> **EXERCISE MATERIAL**:
▶
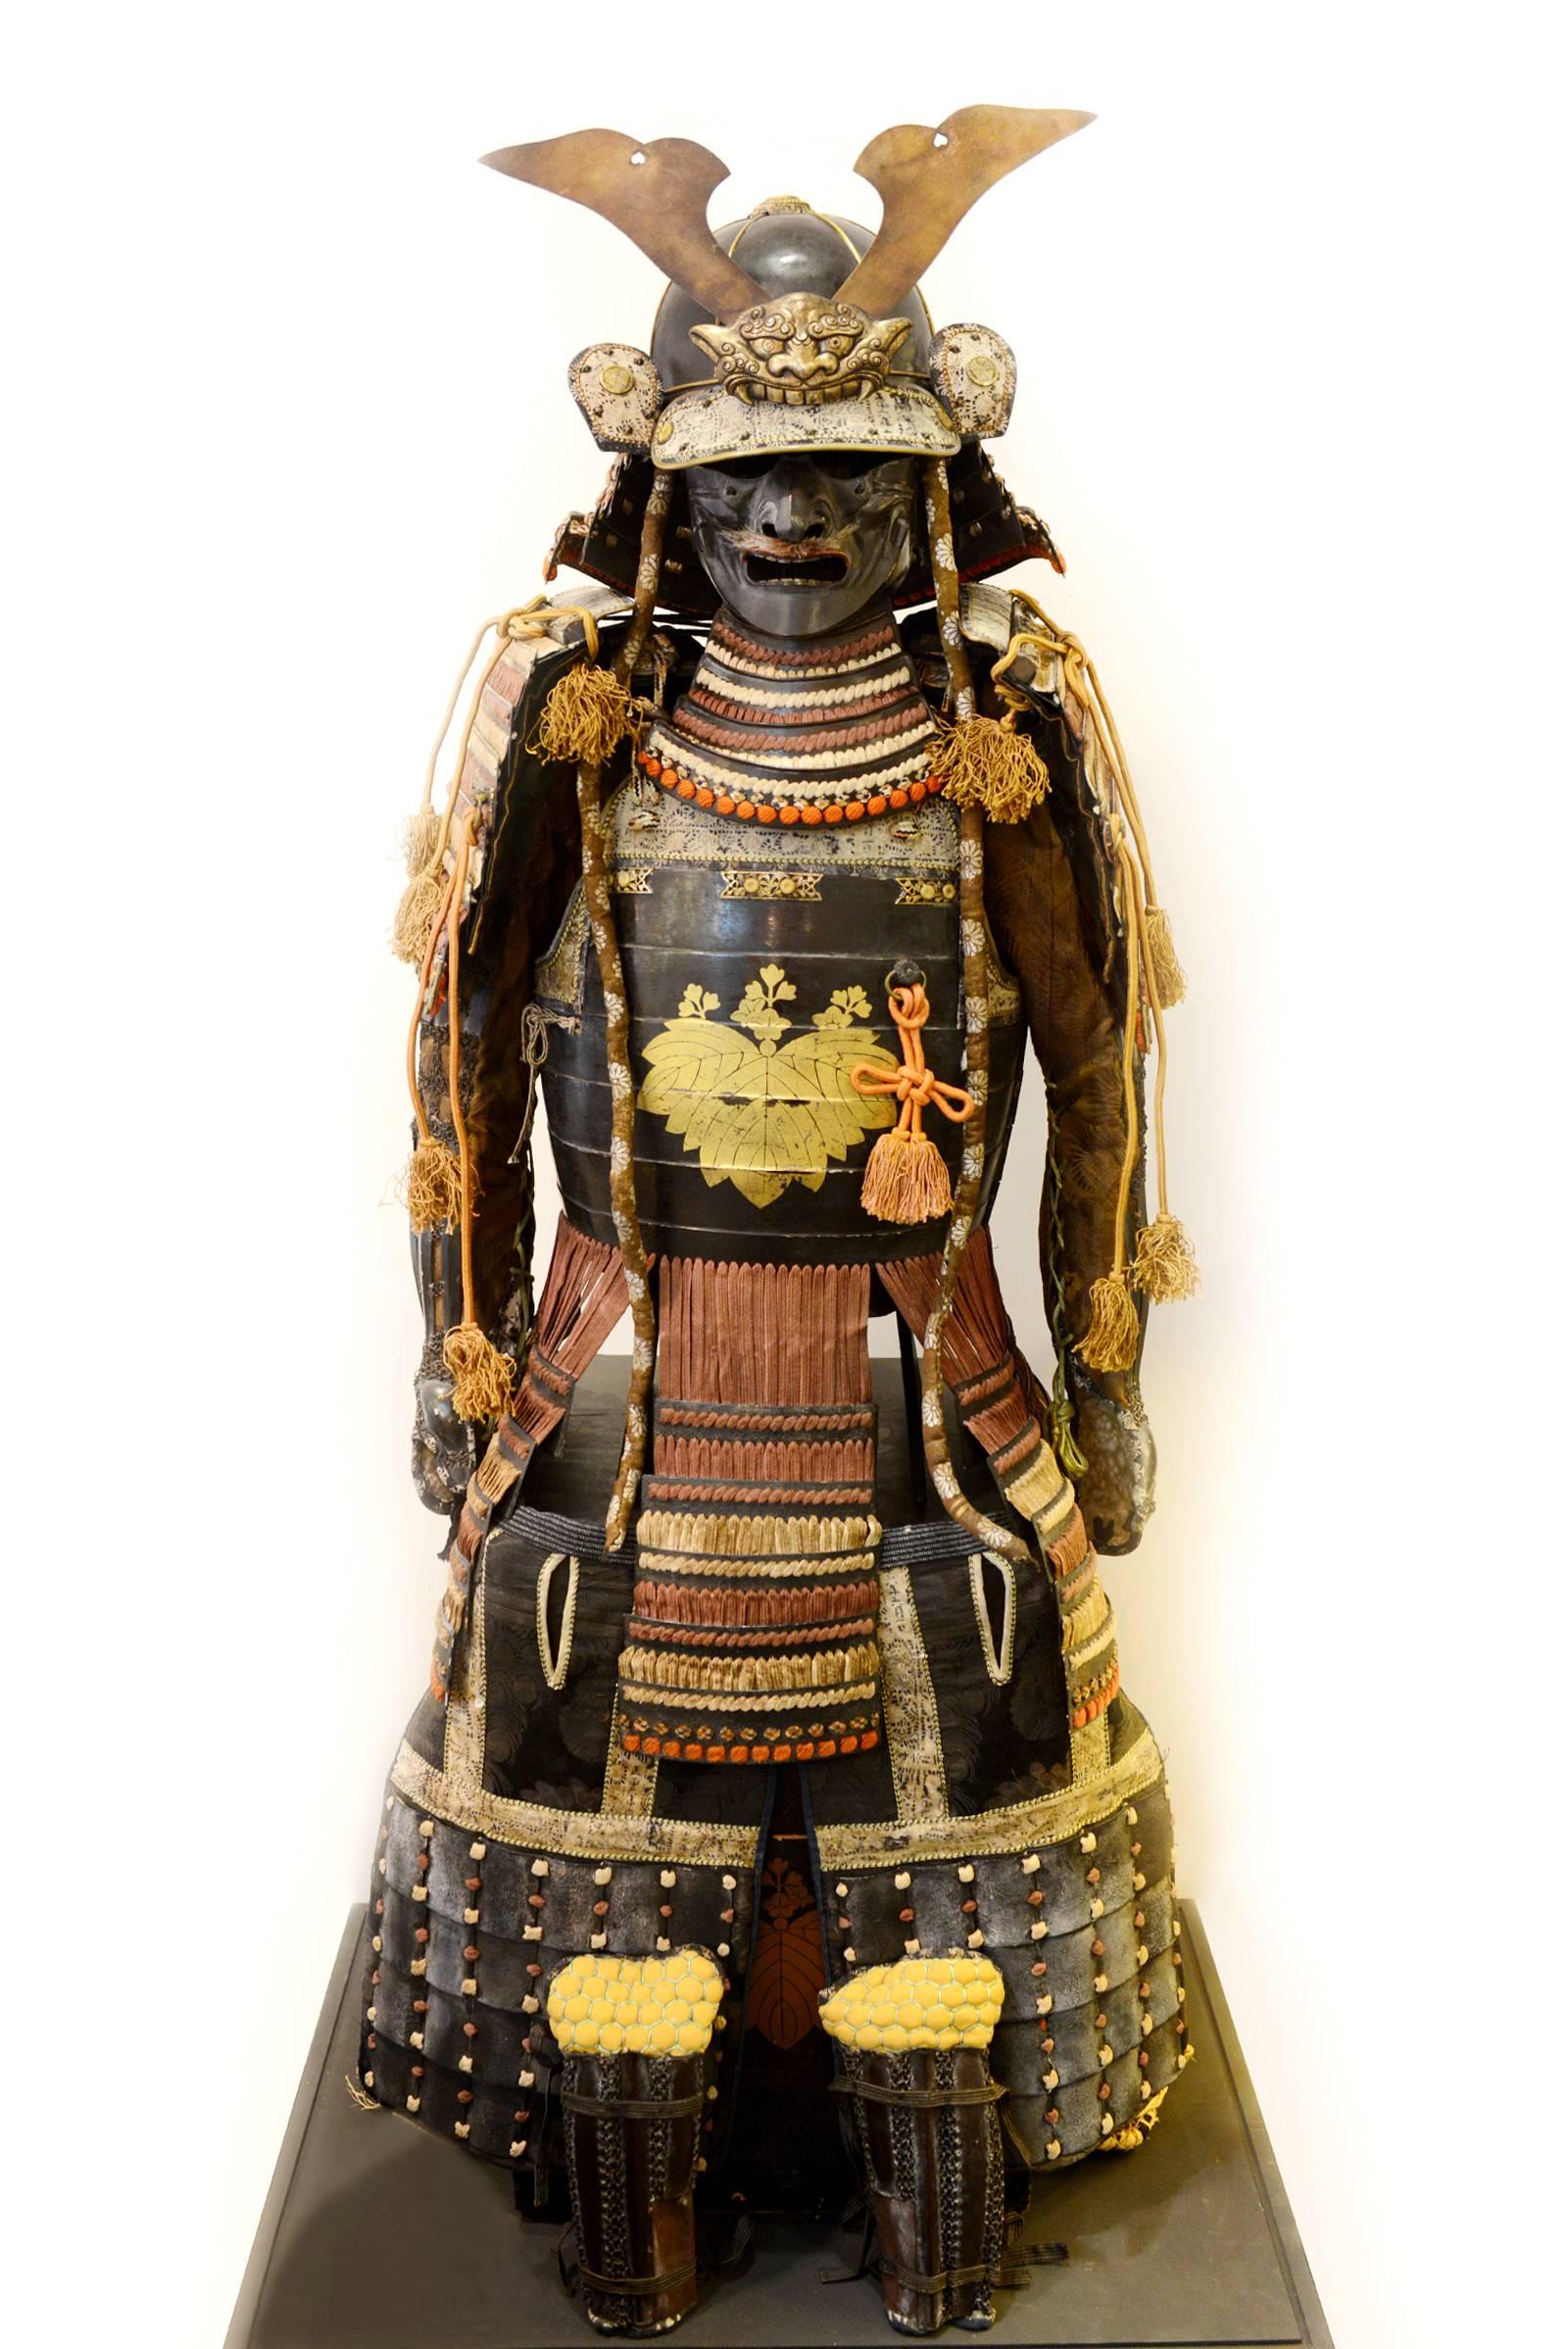 Armor Yoroï Samuraï Hoso-Kawa family from Kuma-Moto,
on Kyushu island. Meiji Era 1868-1912. Armor from
1880. With pointed leaves and paulownia or kiri leaves.
Under glass box with Led lighting. Exceptional piece. 
Led box: L 80 x D 60 x H
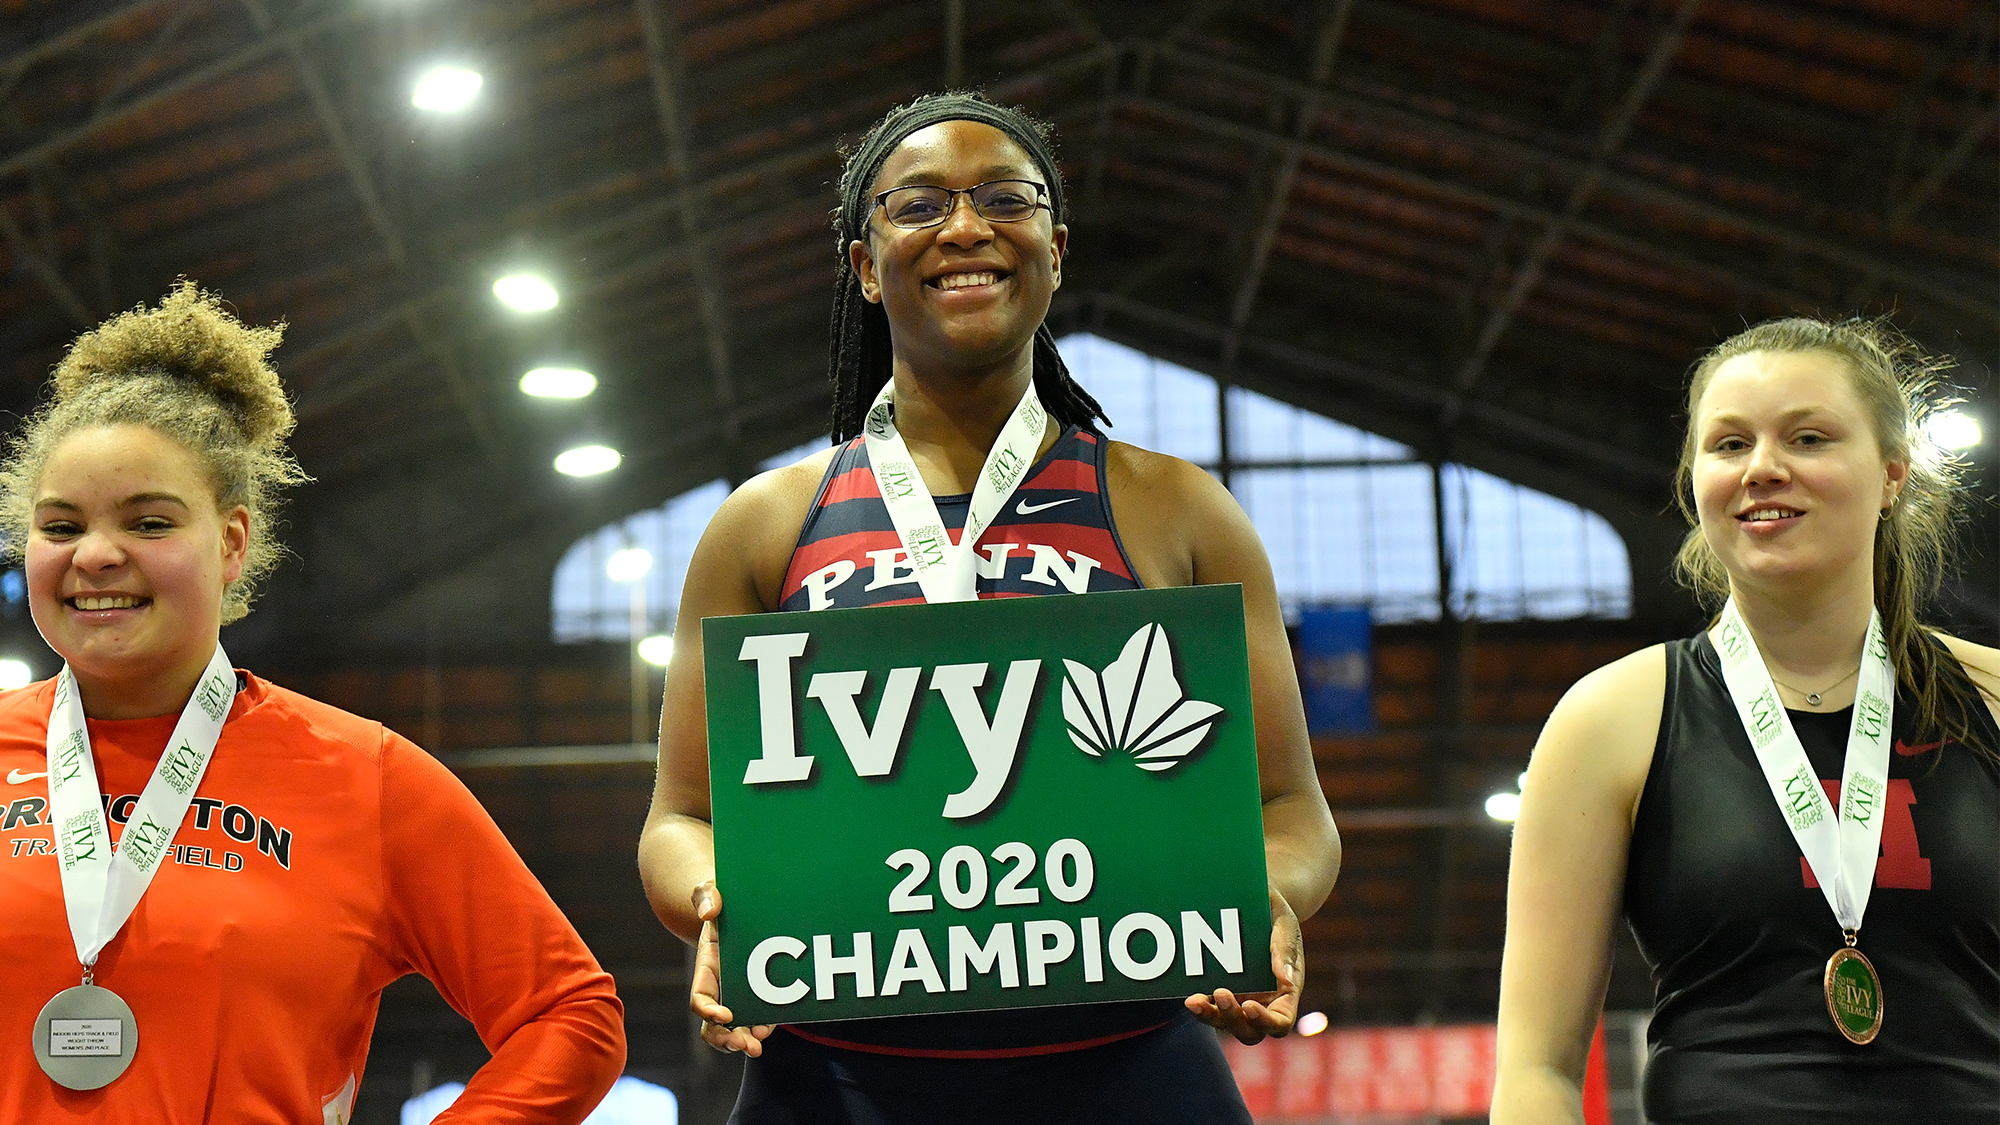 Mayyi Mahama stands on the first place podium at the 2020 Indoor Ivy Heps, holding a first place board.
◀
> **DIRECTIONS**:
Word for word, reproduce the listing above; no image should be carried over.

> **EXPECTED ANSWER**:
 Armor Yoroï Samuraï Hoso-Kawa family from Kuma-Moto,
on Kyushu island. Meiji Era 1868-1912. Armor from
1880. With pointed leaves and paulownia or kiri leaves.
Under glass box with Led lighting. Exceptional piece. 
Led box: L 80 x D 60 x H
 Mayyi Mahama stands on the first place podium at the 2020 Indoor Ivy Heps, holding a first place board.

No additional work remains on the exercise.